Ryan Carpenter is a big part of the answer.

Carpenter, the Blackhawks’ overlooked summer free-agent -addition, has proved to be a surprisingly versatile and notable part of this team even at even strength, centering Patrick Kane a fair amount. 

But on the penalty kill, he has been pretty close to a savior.

The 29-year-old center has averaged 2 minutes, 26 seconds of 4-on-5 ice time per game, ranking 14th among all forwards. He’s also by far the Hawks’ team leader in that category.

“Previously on PKs, I would only play once, [because] we’d probably rotate six to eight guys,” Carpenter said Sunday. “Seems like we play four or five or six guys a night now, at least on the forward side, so sometimes I start it and go back out there again, maybe play a minute on the PK.”

“You get in such a rhythm, you’re not really thinking — and sometimes when you’re overthinking, that’s when you make mistakes. When you can just get in a groove, your instincts take over.”

Carpenter was used as a penalty killer with the Golden Knights, his former team, but not nearly to this extent. 

With the Hawks, he has become the de facto leader of the PK, and his arrival has coincided with the unit’s incredible turnaround: from 31st in the league last year with a pathetic 72.7 percent kill rate, to an 81.7 percent kill rate and No. 12 ranking this season.

Before Sunday’s game, Carpenter broke down the strategies the unit has employed so successfully,

“It starts with coaching and them relaying the game plan, and us just communicating how we want to take away every team’s certain weapons,” he said. “That’s what you’re trying to usually focus on: you want to limit their touches and make other guys find a way to beat you.”

“Sometimes it’s a guy on the point. Sometimes it’s a guy in that [Alex] Ovechkin spot with a heck of a one-timer, like [Patrik] Laine tonight. Sometimes there are guys on the ‘pop,’ in that middle spot. Sometimes it’s a net-front guy. It changes every night who their top guys are, but you want to just do a good job of pressuring them and being detailed.”

Carpenter was also keen to note that the Hawks have their two goaltenders to thank for their PK improvement: Robin Lehner and Corey Crawford’s combined .883 short-handed save percentage ranks fifth among the 31 teams.

Adding to the tactical complexity is that Lehner prefers clean sight lines toward the shots headed his way.

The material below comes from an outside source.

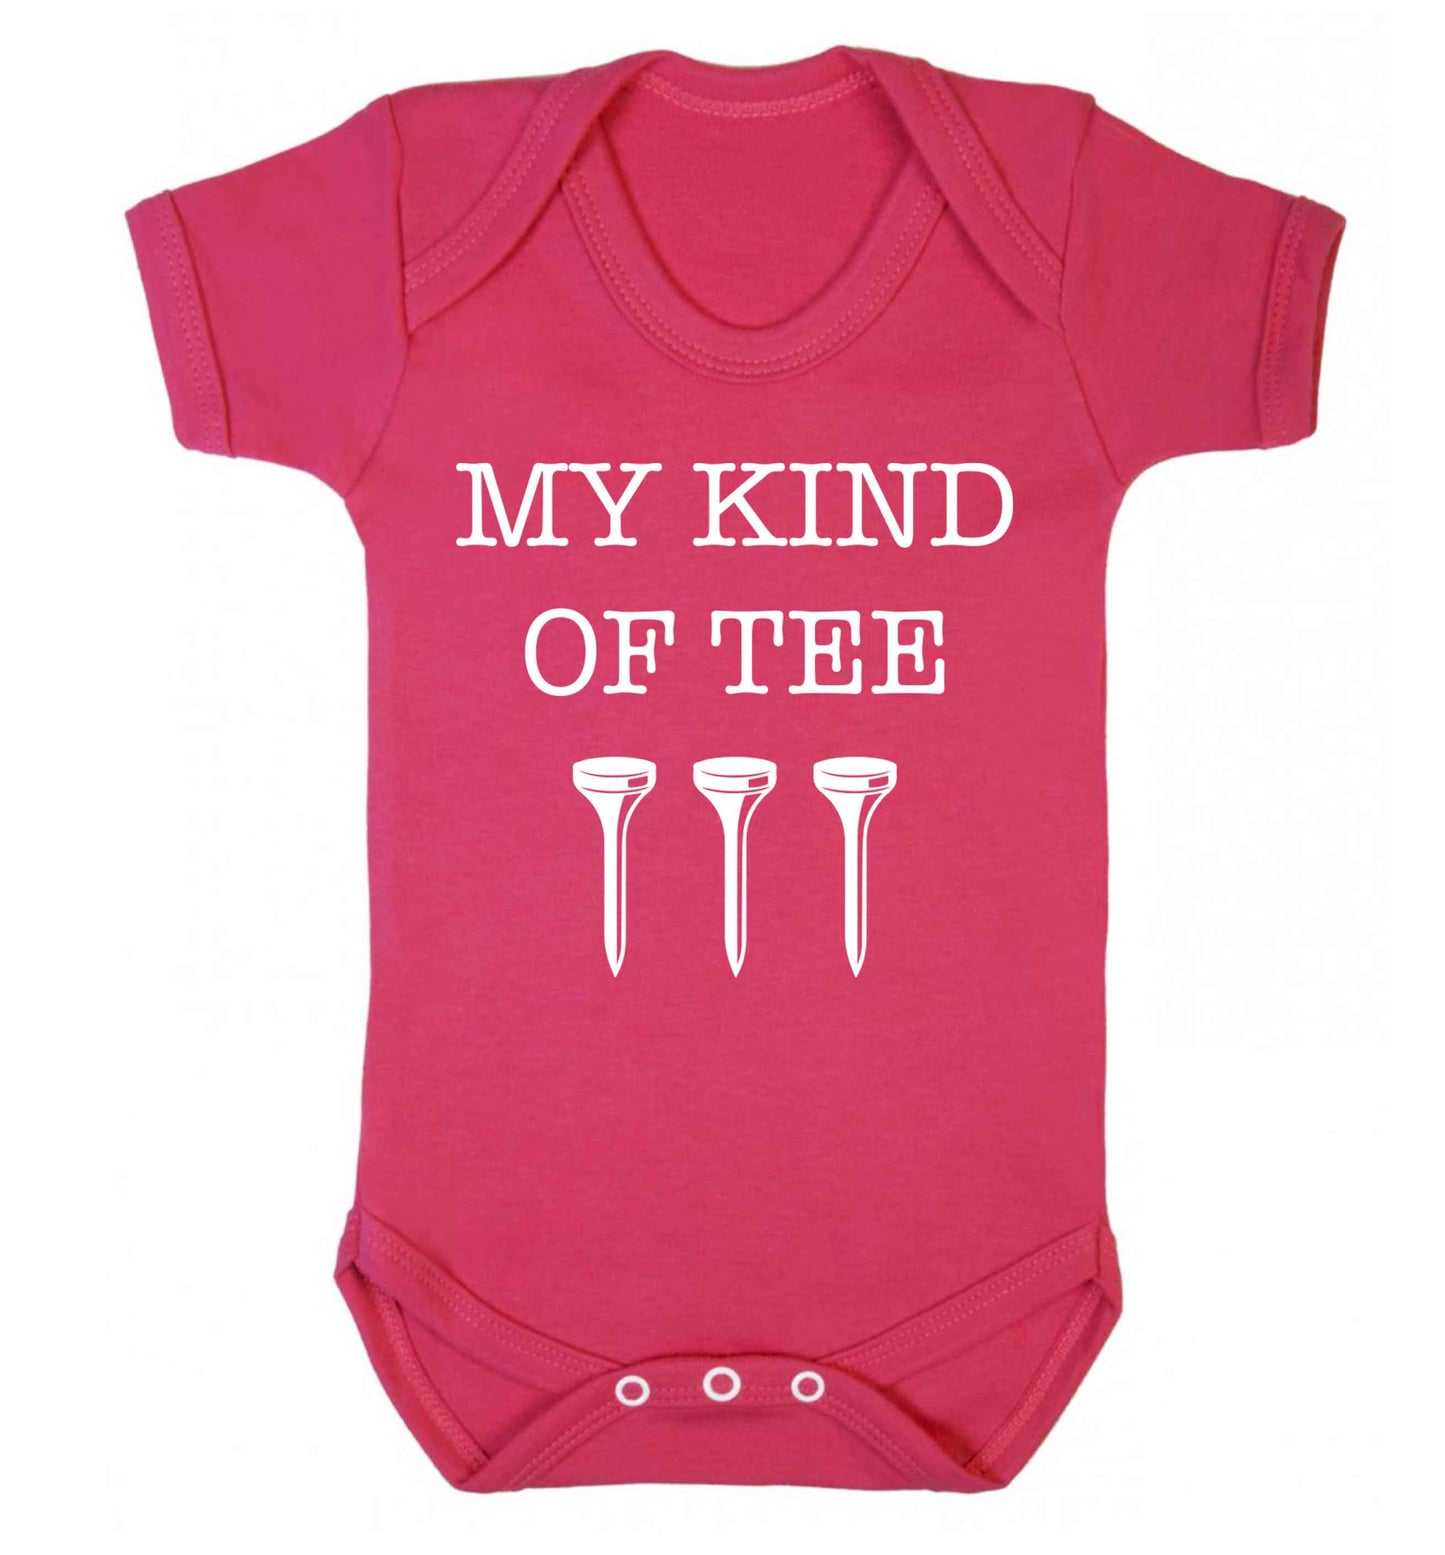 My kind of tee Baby Vest dark pink 18-24 months

So the Hawks have structured their PK around that, too. 

Despite conceding the 12th-fewest shot attempts per minute of 4-on-5 play, they let 58.7 percent of those attempts end up on goal, the seventh-highest rate in the league. 

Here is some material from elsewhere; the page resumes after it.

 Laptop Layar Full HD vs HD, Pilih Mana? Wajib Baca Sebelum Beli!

“He may want a shot to come from a certain area, so we make sure we keep it to the outside or make sure we do a good job of boxing out,” Carpenter said. “Sometimes you give up shots but they’re not as harmful as a grade-A shot in front of the net.”

The PK has admittedly dipped over the last couple of weeks, in tune with the team’s overall performance.

Entering Sunday, the Hawks had killed just 15 of 21 opponent opportunities, a 71.4 percent rate, over the last six games.

That’s basically the rate at which they played all of 2018-19, though.

That it’s now seen as a dip says a lot about the Hawks’ out-of-the-blue confidence and quality on the penalty-killing unit.